Minimum Documentation Standards

  • Models: Each model has a description that states business purpose, grain, refresh expectation, and SLA notes where applicable.
  • Sources: Each source table includes description, owner, freshness, and at least basic tests (not null, uniqueness for keys).
  • Columns: Describe business meaning, units, and valid ranges; flag PII/SPI columns explicitly.
  • Ownership: Every model/source carries an owner or team field so support paths are clear.
  • Contracts: Use constraints/tests alongside docs so descriptions and enforcement stay aligned.

Folder-level YAML

Use _models.yml and _sources.yml in each folder (staging, intermediate, ADS, gold). This keeps metadata close to code and enables targeted dbt build --select staging.* runs with complete documentation.


Docs Blocks and doc() Patterns

Use docs blocks for reusable concepts (definitions, KPIs, governance notes) and reference them via doc(). Keep each block short and business-facing.

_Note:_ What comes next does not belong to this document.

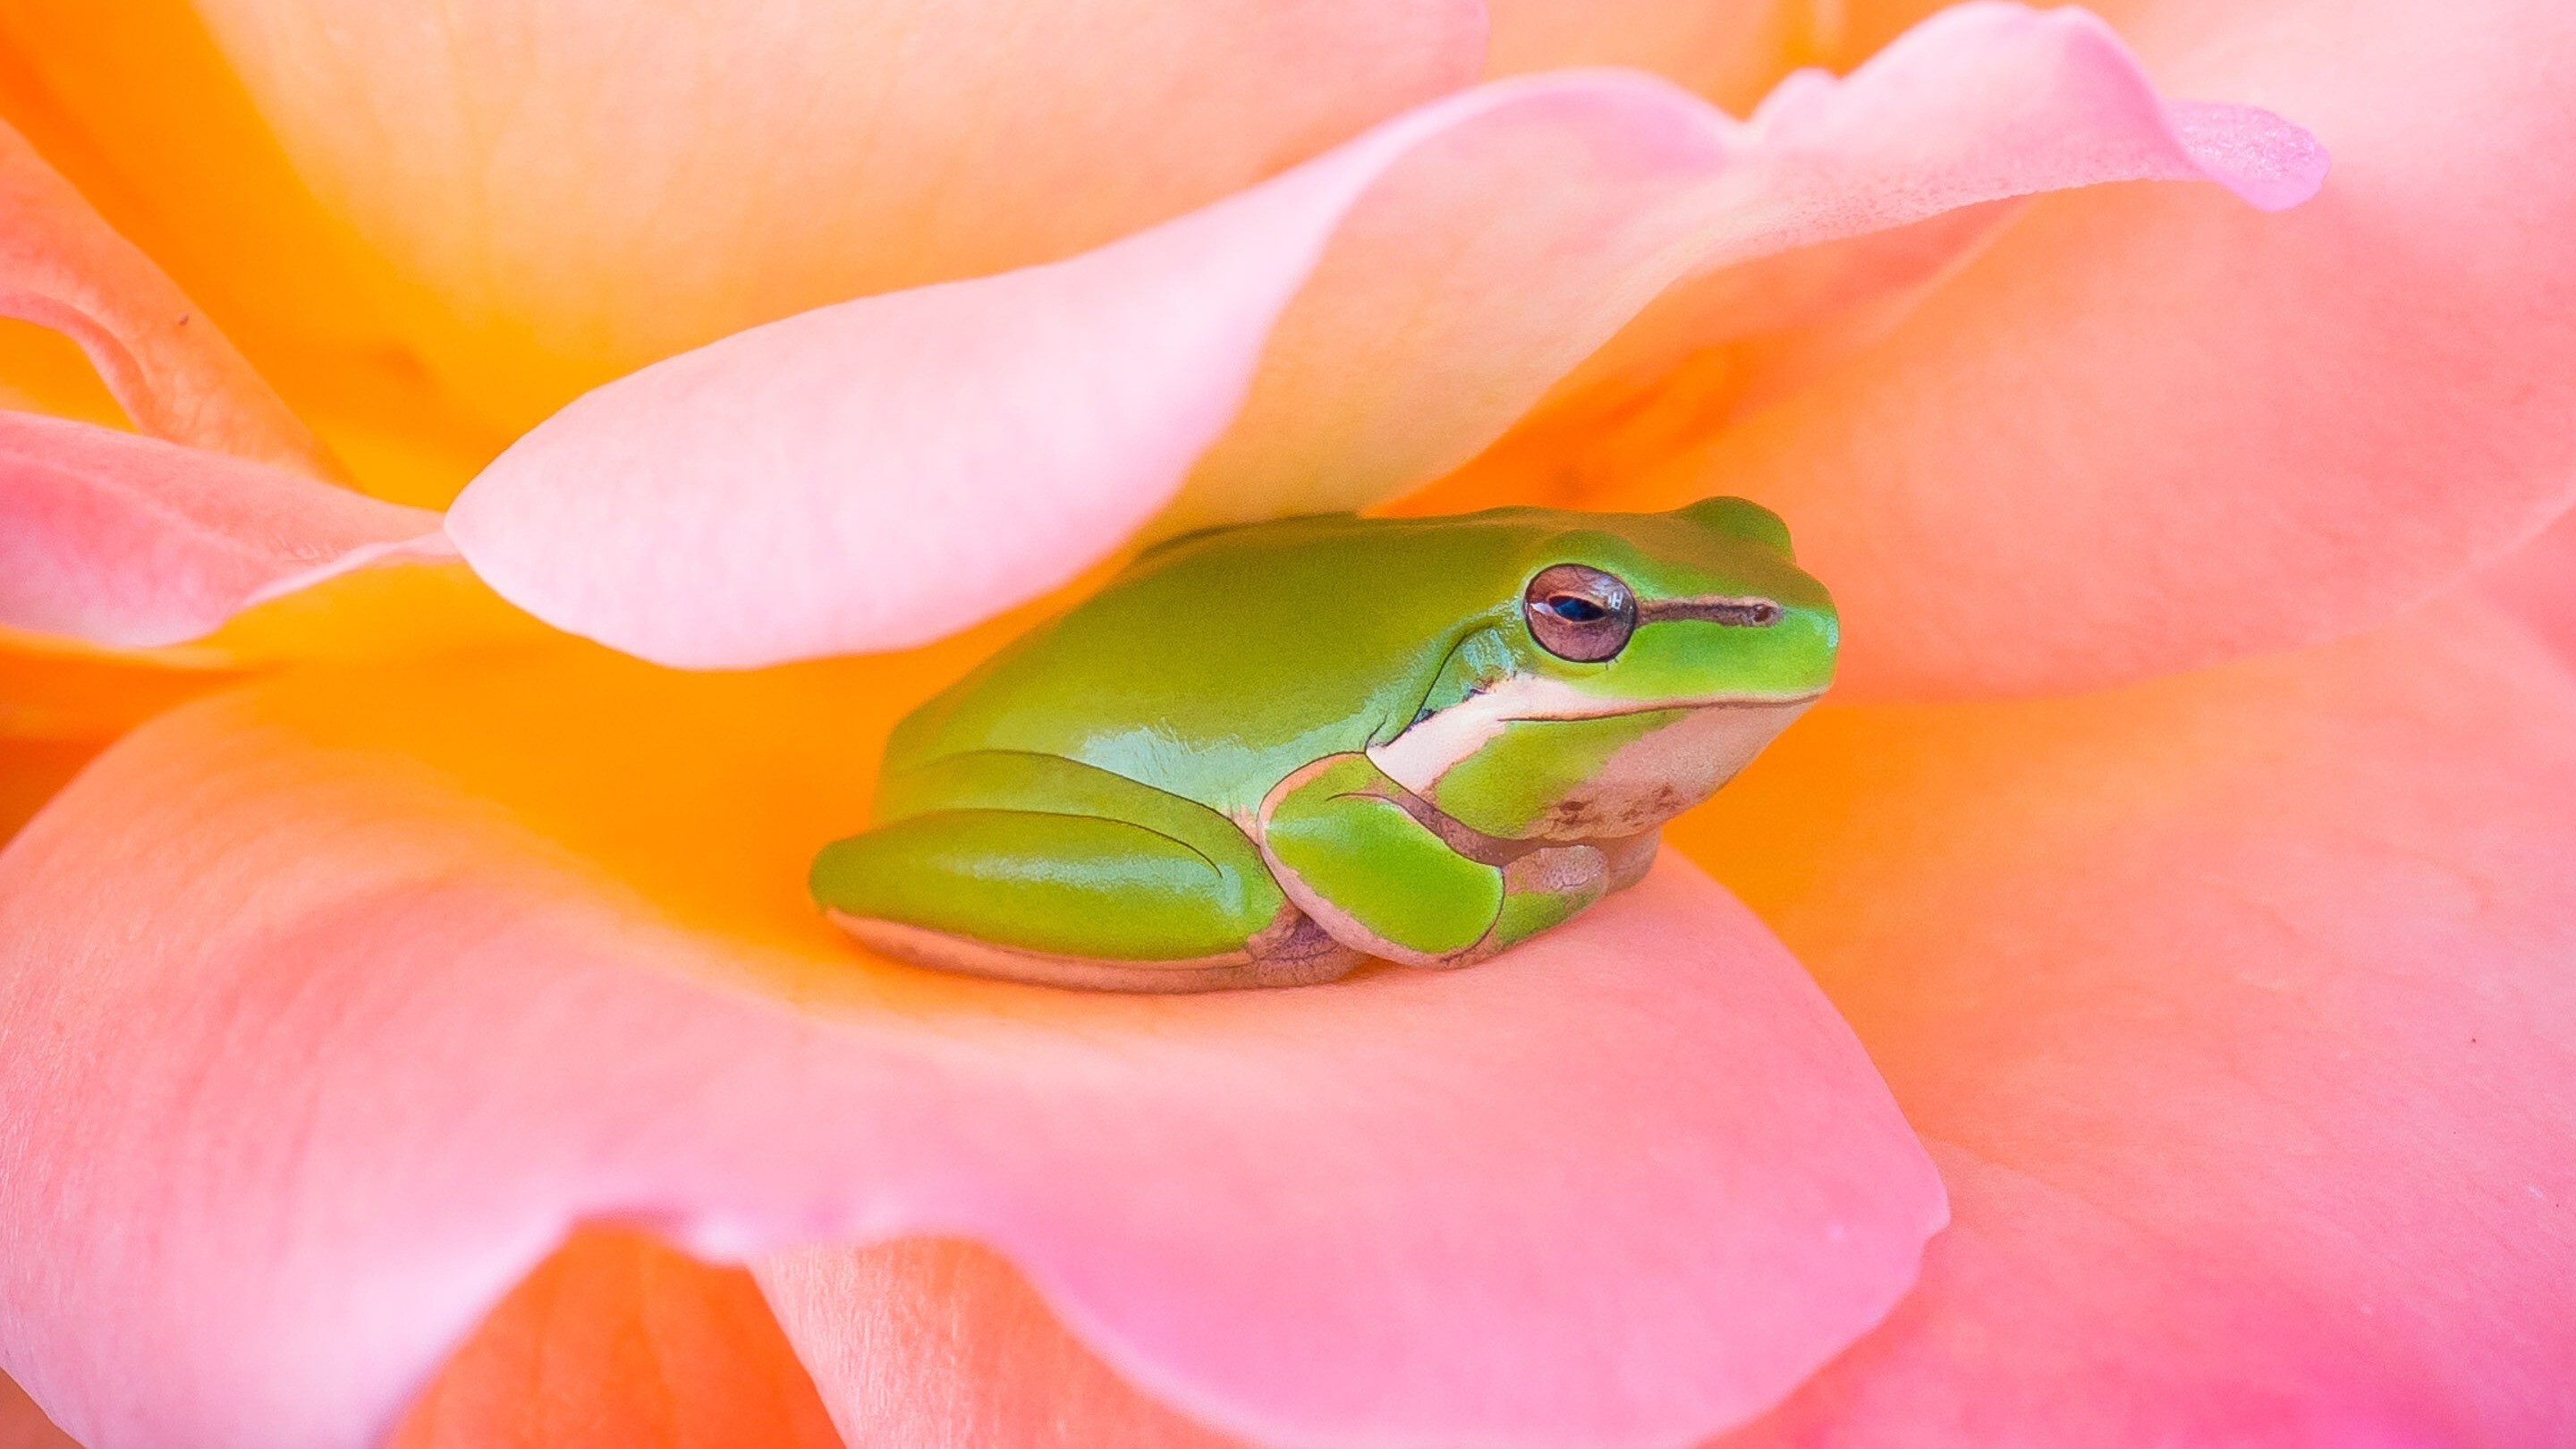 Cute Frog in Pink Flower

{% docs customer_status %}
Customer status reflects the latest lifecycle state. Possible values: `prospect`, `active`, `churned`.  
Applied after survivorship rules in `ads_customer`.
{% enddocs %}
models:
  - name: ads_customer
    description: "{{ doc('customer_status') }}"
    columns:
      - name: customer_id
        description: "Persistent surrogate key for the customer entity"
        tests: [not_null, unique]
      - name: status
        description: "{{ doc('customer_status') }}"
      - name: first_order_date
        description: "Date of first successful order (UTC)"
  • Keep doc block names stable; avoid renaming without updating references.
  • Use doc() for repeated business terms (definitions, SLAs, eligibility) rather than duplicating text.
  • Avoid templating inside docs blocks that depends on adapter-specific functions; keep them portable.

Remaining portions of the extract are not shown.